*TASK INSTRUCTIONS*: Copy out the full listing below as it stands, with its pictures left behind.

*COLLECTED DATA*:
= = = =

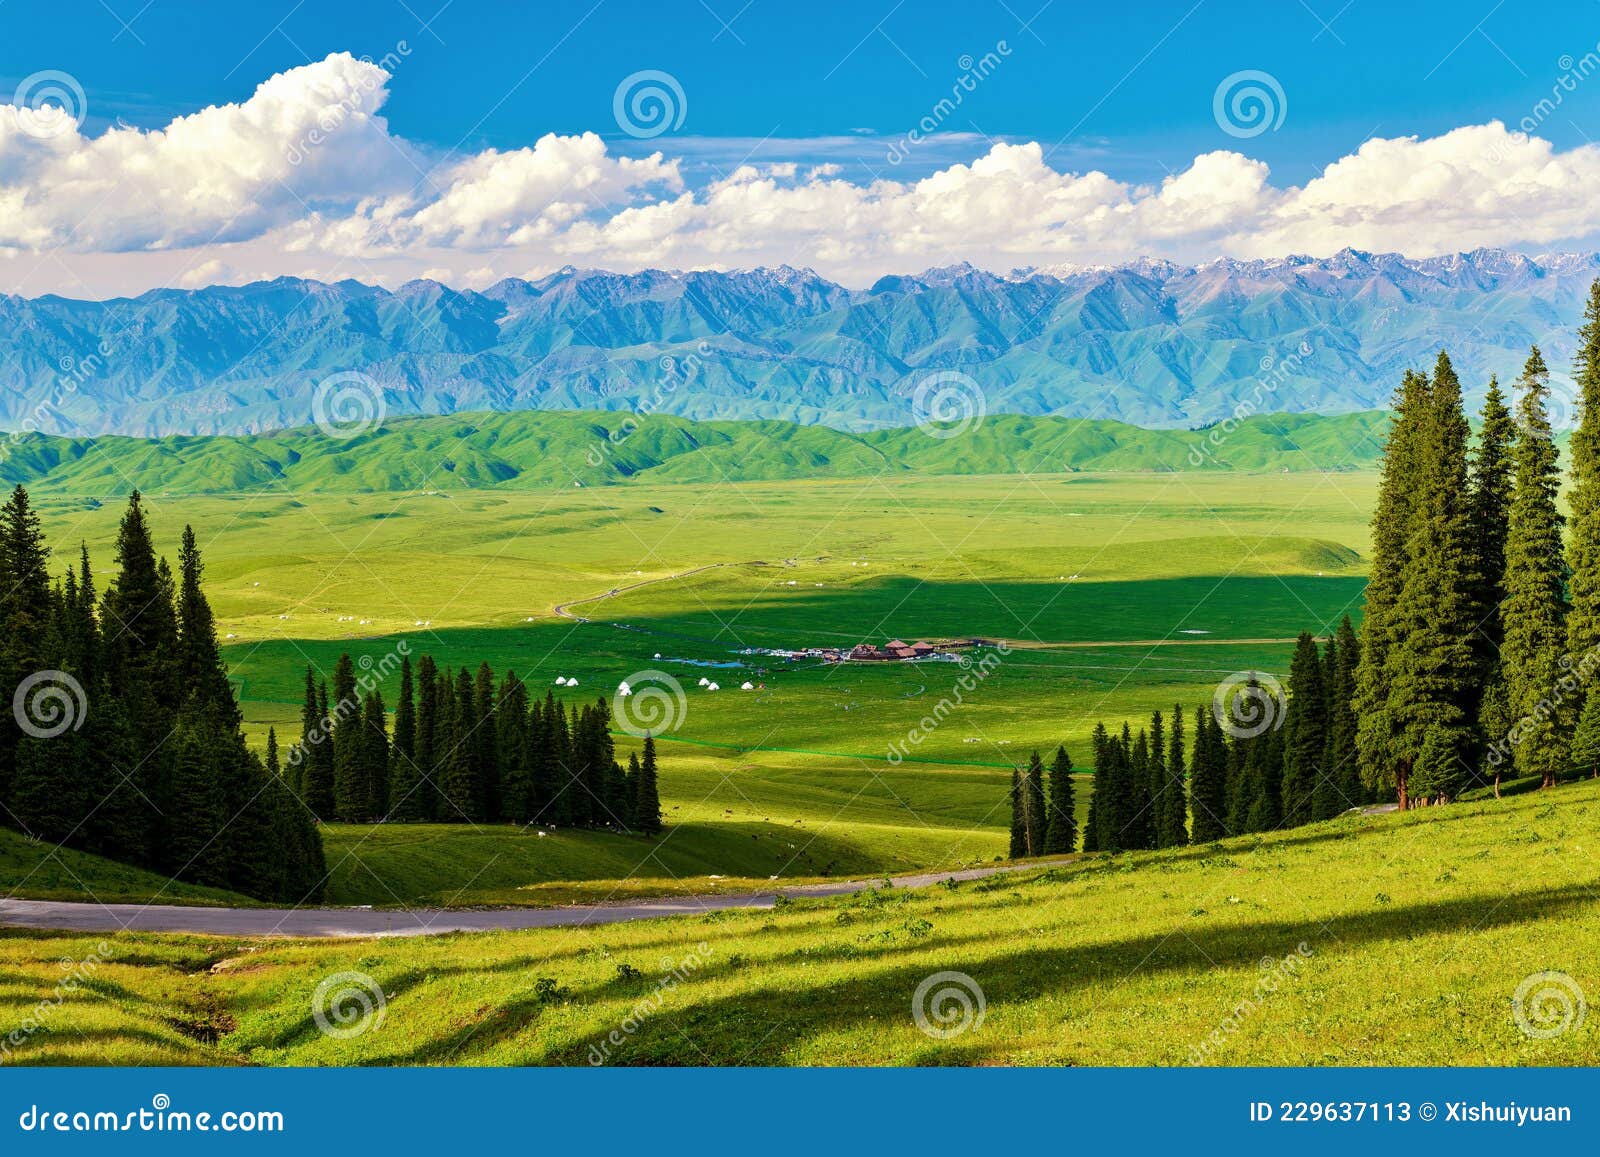 the picea schrenkiana in the high mountain meadow of nalati grassland
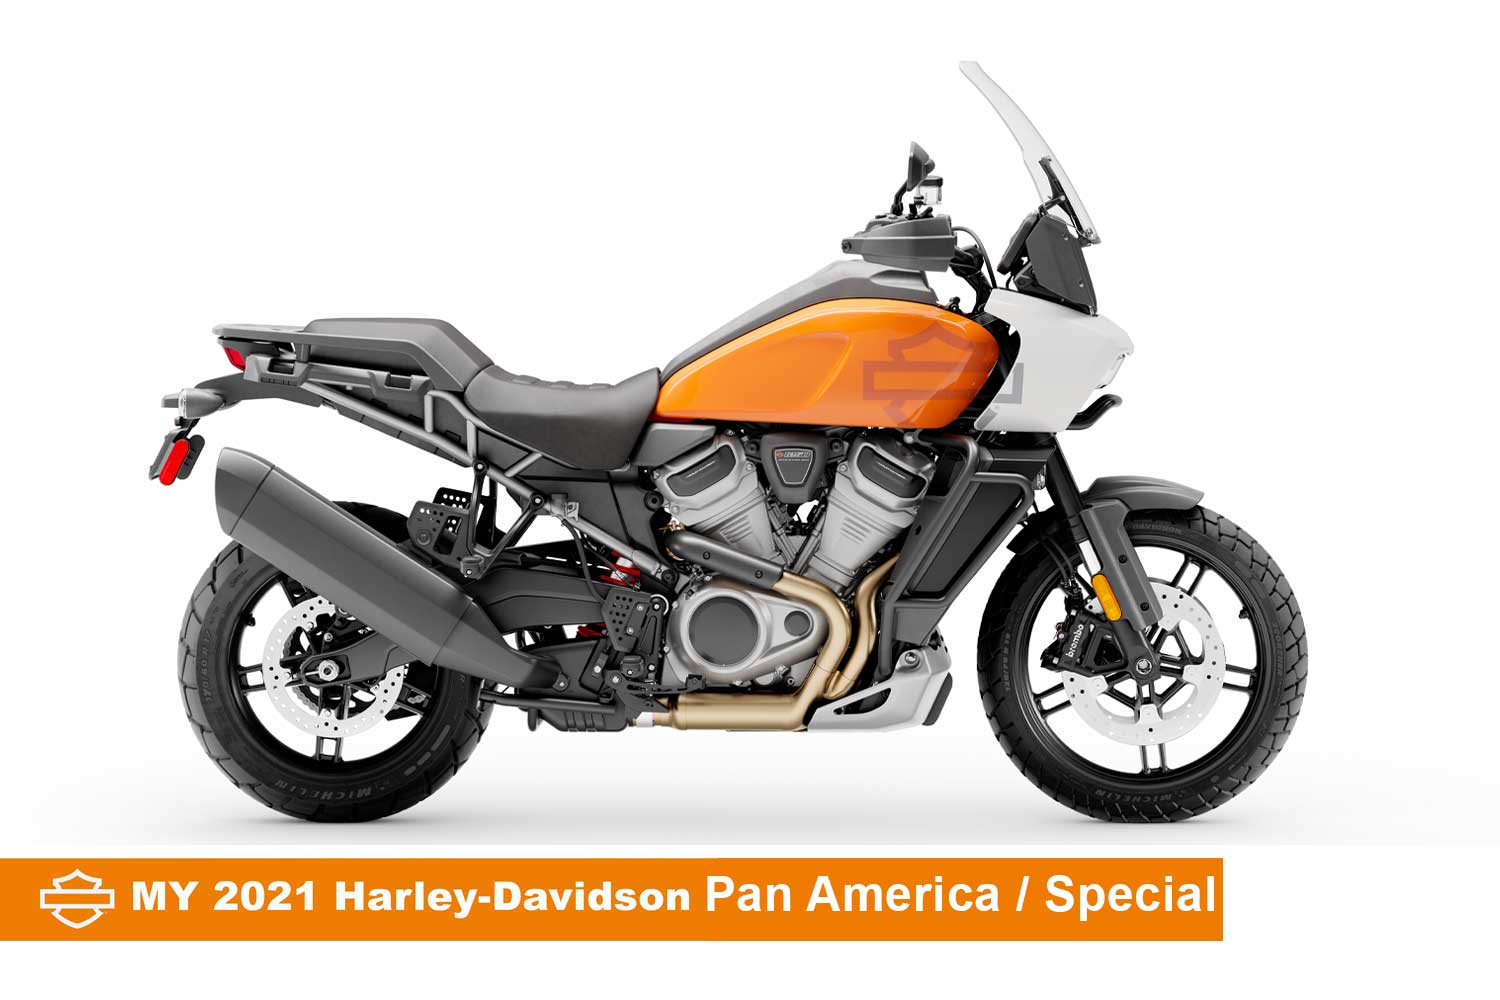 Pan America Special Rick S Motorcycles Harley Davidson Baden Baden
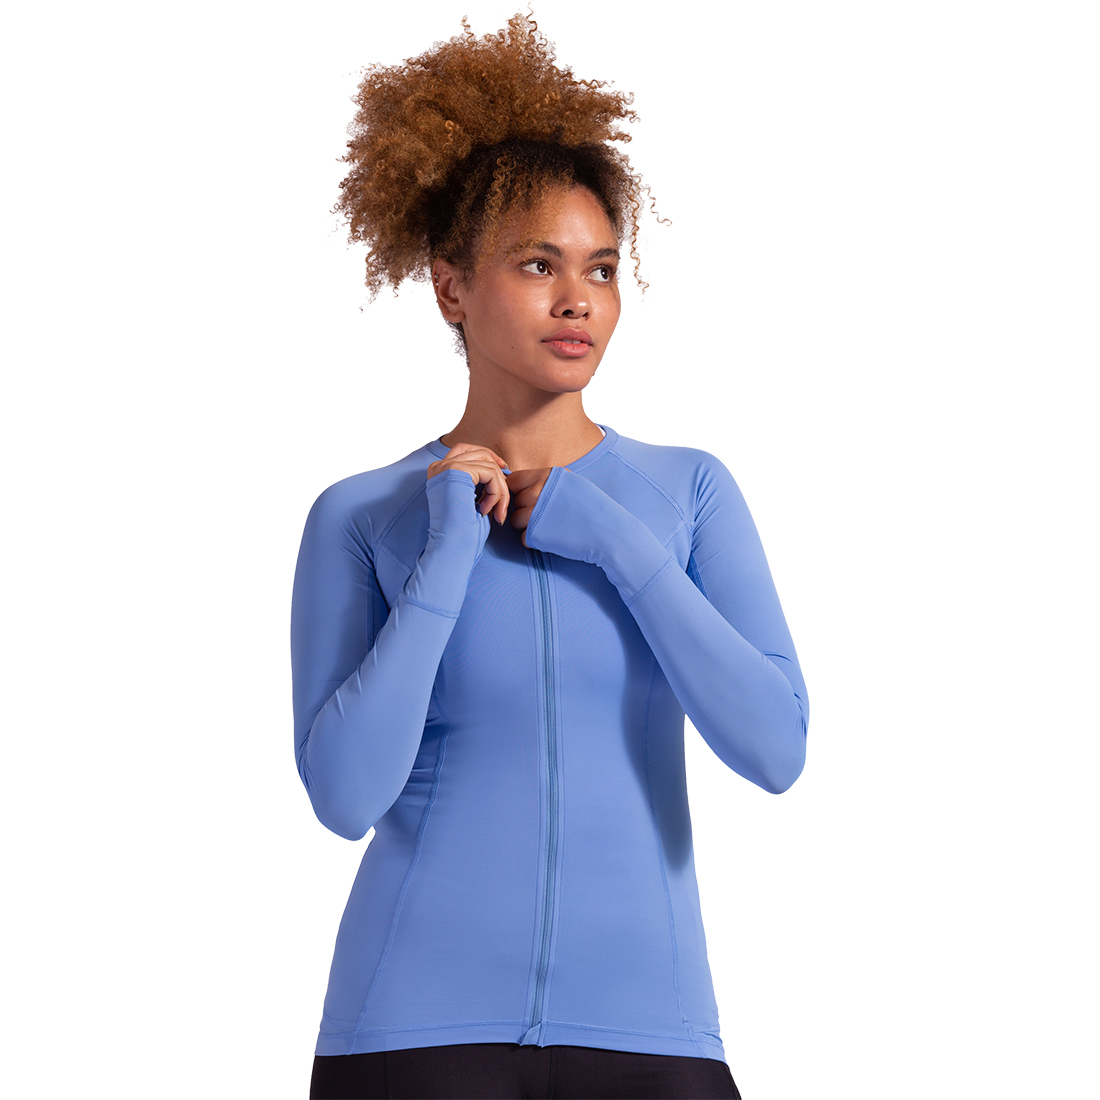 BloqUV Women's Sun Protective Full Zip Long Sleeve Athletic Top (Indigo)

= = = =

*TASK OUTPUT*:
 the picea schrenkiana in the high mountain meadow of nalati grassland
 Pan America Special Rick S Motorcycles Harley Davidson Baden Baden
 BloqUV Women's Sun Protective Full Zip Long Sleeve Athletic Top (Indigo)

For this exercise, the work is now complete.